The chipmunks have been able to gorge on tomatoes in the middle of this summer’s severe drought at Tivnan’s Amesbury farmhouse, where Tivnan has grown 20 over 9-foot-tall tomato plants in an old woodshed converted into an unheated hoop house. Inside the hoop house, more than 180 gallons of water circulates through a 16-by-4-foot aquaponics table known as the Aquaponics Academy.

“The method we use has a continuous flow,” Tivnan said. “The plants always have access to the water, and they always have the ability to hydrolyze. Because I am circulating the water, I am actually reusing it in a sustainable way. For the amount of vegetables I get versus conventional gardening, I am using 80 percent less water.”

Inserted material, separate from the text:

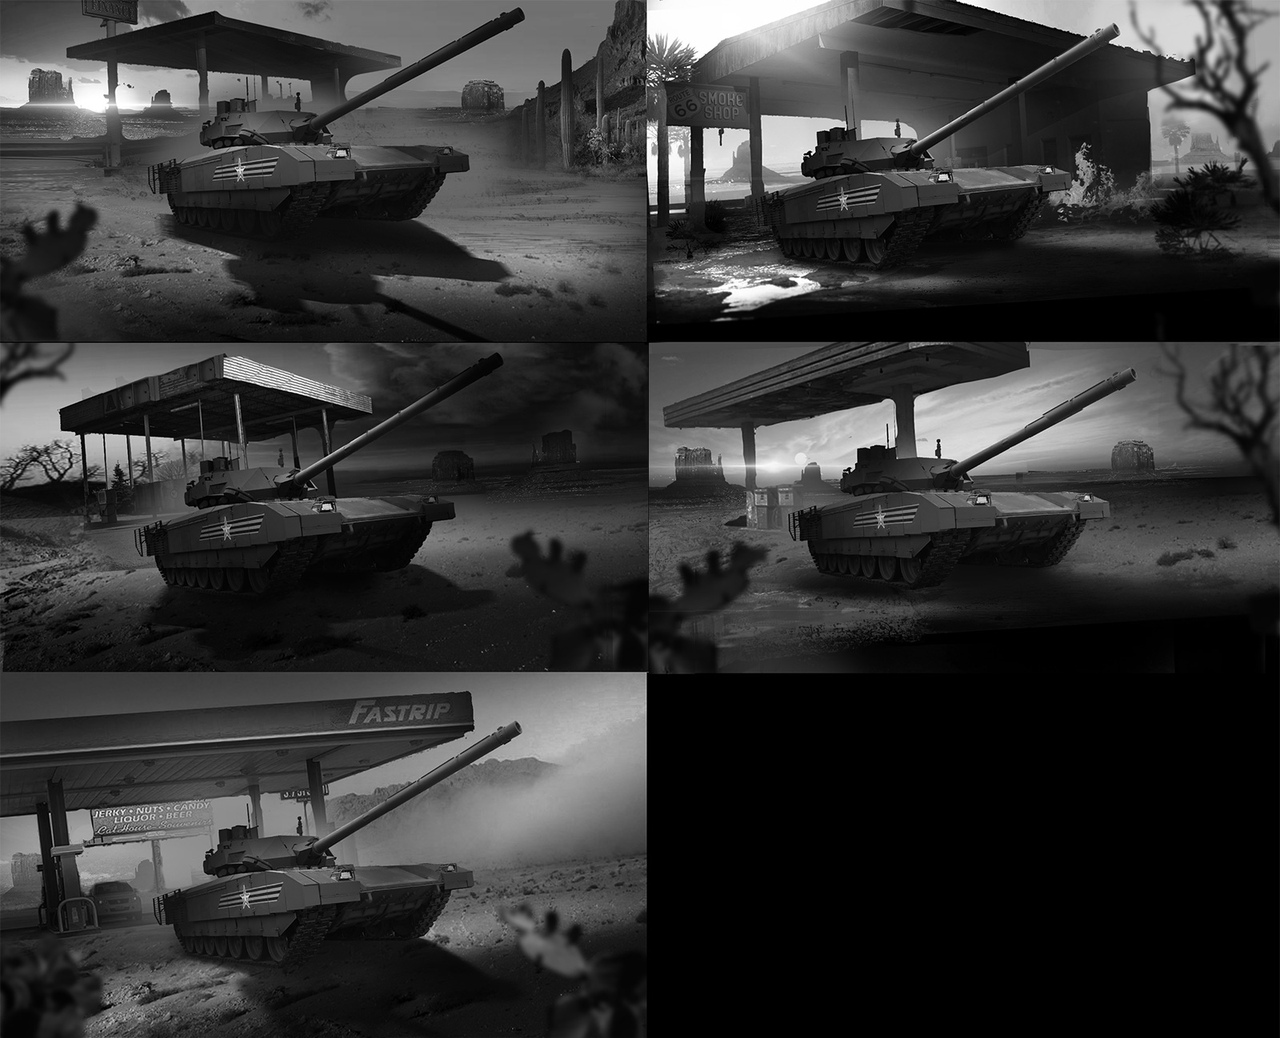 Пример моих быстрых фотобашей-концептов: поиск композиции и сюжета под промоарт
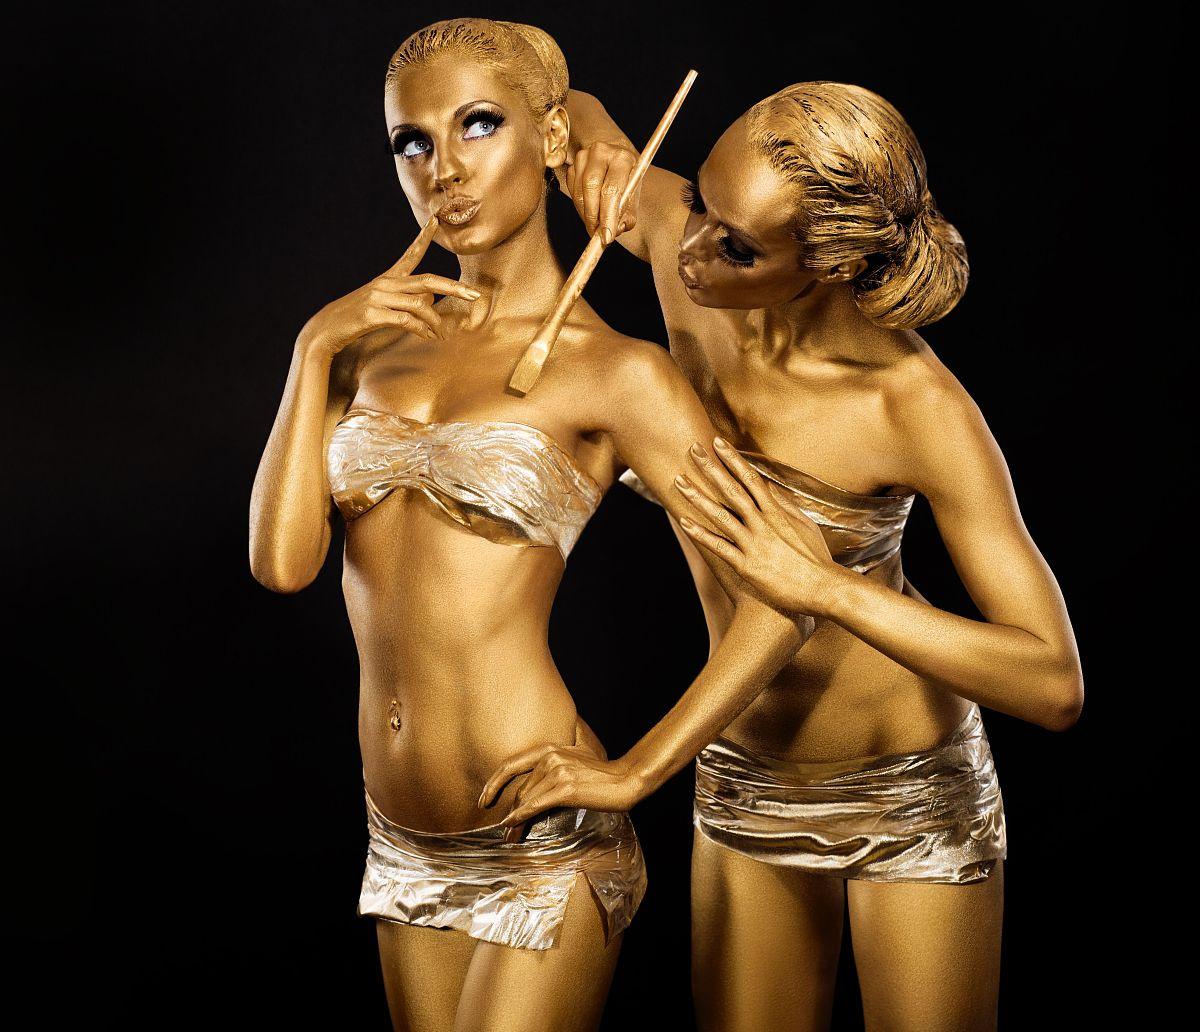 日本人体裸体阴�_人体艺术.女子彩绘身体用金色画笔.金弥补

Tivnan, or “Aqua Eddie” as he is more commonly known, two years ago built a similar aquaponics table in a hoop house at Cider Hill Farm, where fancy goldfish – Tivnan calls them his “chemical engineers” – live and excrete ammonia with their metabolic waste. The ammonia then circulates with the dirty water into a year-round garden, eventually converting into nitrates, which the many different plants Tivnan grows crave.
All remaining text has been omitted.